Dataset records
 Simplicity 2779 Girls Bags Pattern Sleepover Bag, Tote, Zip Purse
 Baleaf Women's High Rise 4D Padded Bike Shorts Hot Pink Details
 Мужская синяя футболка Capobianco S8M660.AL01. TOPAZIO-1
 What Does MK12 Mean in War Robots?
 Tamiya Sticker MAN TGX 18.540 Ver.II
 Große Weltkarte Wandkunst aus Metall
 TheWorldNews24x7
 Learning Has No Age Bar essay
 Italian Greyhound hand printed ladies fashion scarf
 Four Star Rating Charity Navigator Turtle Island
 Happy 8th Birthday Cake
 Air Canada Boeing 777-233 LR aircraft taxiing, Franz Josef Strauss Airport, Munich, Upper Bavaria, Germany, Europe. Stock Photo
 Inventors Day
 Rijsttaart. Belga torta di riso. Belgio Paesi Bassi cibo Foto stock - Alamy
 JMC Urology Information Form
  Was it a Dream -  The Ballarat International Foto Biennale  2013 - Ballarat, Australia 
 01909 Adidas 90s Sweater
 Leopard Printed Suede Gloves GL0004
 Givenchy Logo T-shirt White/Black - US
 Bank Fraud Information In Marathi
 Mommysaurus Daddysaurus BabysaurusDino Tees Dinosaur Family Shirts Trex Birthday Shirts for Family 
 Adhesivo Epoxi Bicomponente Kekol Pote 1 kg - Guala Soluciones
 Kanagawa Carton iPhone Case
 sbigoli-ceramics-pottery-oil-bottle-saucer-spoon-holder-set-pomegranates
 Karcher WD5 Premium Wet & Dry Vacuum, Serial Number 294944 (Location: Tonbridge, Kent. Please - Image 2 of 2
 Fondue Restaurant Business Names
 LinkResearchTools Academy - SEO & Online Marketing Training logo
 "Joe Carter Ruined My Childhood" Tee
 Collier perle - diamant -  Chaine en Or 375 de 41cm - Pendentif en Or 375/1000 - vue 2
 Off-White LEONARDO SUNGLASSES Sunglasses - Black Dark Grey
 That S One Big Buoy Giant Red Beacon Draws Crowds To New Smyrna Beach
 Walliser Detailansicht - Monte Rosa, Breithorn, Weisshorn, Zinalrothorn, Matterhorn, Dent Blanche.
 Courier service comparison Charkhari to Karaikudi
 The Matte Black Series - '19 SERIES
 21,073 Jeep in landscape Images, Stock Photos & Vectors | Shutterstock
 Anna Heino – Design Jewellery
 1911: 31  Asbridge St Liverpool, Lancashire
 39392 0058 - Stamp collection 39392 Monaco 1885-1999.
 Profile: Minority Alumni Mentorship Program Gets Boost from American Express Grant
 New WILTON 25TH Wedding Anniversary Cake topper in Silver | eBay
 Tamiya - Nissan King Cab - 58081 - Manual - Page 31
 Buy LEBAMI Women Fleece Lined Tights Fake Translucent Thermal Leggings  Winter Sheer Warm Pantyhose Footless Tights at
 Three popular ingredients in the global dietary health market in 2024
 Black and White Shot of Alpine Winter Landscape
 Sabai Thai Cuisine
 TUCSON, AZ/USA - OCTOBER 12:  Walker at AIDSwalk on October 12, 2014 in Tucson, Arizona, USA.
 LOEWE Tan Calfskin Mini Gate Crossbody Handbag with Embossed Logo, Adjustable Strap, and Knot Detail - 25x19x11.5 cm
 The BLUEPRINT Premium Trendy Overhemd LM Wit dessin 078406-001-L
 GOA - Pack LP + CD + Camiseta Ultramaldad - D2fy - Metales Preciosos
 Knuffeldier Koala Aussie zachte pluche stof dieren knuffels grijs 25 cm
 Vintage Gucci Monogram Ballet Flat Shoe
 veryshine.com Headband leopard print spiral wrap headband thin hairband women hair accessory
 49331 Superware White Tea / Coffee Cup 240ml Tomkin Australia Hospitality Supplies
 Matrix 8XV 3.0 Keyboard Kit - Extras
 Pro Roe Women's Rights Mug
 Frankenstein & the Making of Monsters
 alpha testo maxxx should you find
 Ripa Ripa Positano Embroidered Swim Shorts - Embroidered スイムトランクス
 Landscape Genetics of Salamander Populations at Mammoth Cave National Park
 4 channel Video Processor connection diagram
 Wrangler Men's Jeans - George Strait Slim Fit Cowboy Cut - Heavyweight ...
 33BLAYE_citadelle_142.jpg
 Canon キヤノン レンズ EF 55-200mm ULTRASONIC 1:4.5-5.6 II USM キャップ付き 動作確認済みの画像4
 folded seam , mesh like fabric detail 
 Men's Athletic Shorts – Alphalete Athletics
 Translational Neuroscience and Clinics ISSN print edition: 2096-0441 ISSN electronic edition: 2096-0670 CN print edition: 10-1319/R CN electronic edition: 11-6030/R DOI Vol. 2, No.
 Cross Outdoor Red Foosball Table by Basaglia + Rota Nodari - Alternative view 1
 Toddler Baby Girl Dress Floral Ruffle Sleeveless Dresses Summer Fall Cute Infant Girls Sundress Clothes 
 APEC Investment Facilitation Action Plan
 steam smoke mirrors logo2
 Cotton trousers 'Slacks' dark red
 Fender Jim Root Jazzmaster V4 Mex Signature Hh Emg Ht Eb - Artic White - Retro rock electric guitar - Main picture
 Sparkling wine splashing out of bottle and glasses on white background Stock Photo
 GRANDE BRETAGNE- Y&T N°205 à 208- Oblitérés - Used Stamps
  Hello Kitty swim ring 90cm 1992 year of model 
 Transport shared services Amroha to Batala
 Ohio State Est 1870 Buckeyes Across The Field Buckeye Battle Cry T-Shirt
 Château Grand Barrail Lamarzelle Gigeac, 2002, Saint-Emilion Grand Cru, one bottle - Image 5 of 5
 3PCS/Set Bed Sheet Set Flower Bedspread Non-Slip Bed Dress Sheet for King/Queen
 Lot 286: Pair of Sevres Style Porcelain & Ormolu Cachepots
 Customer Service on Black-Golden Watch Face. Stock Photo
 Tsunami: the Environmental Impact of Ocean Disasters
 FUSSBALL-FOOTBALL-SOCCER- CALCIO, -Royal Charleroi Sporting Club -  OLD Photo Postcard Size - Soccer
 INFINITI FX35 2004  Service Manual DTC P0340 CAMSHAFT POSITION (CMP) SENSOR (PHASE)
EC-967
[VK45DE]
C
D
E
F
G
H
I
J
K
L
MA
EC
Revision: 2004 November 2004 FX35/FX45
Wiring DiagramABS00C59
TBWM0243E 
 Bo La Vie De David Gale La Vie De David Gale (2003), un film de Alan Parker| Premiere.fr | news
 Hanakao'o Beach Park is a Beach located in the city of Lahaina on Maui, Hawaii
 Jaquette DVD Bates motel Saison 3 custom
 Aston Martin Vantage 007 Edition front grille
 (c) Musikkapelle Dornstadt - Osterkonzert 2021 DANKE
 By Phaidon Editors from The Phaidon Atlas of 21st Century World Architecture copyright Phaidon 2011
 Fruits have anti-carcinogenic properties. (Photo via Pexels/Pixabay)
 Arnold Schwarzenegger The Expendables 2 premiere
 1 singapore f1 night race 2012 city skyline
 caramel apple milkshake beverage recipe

About this task> Look above for the line with "Toddler Baby Girl" and the line with "Fender Jim Root". Write out those two lines and all the lines between them, exactly, and no others.

Answer to this problem>
 Toddler Baby Girl Dress Floral Ruffle Sleeveless Dresses Summer Fall Cute Infant Girls Sundress Clothes 
 APEC Investment Facilitation Action Plan
 steam smoke mirrors logo2
 Cotton trousers 'Slacks' dark red
 Fender Jim Root Jazzmaster V4 Mex Signature Hh Emg Ht Eb - Artic White - Retro rock electric guitar - Main picture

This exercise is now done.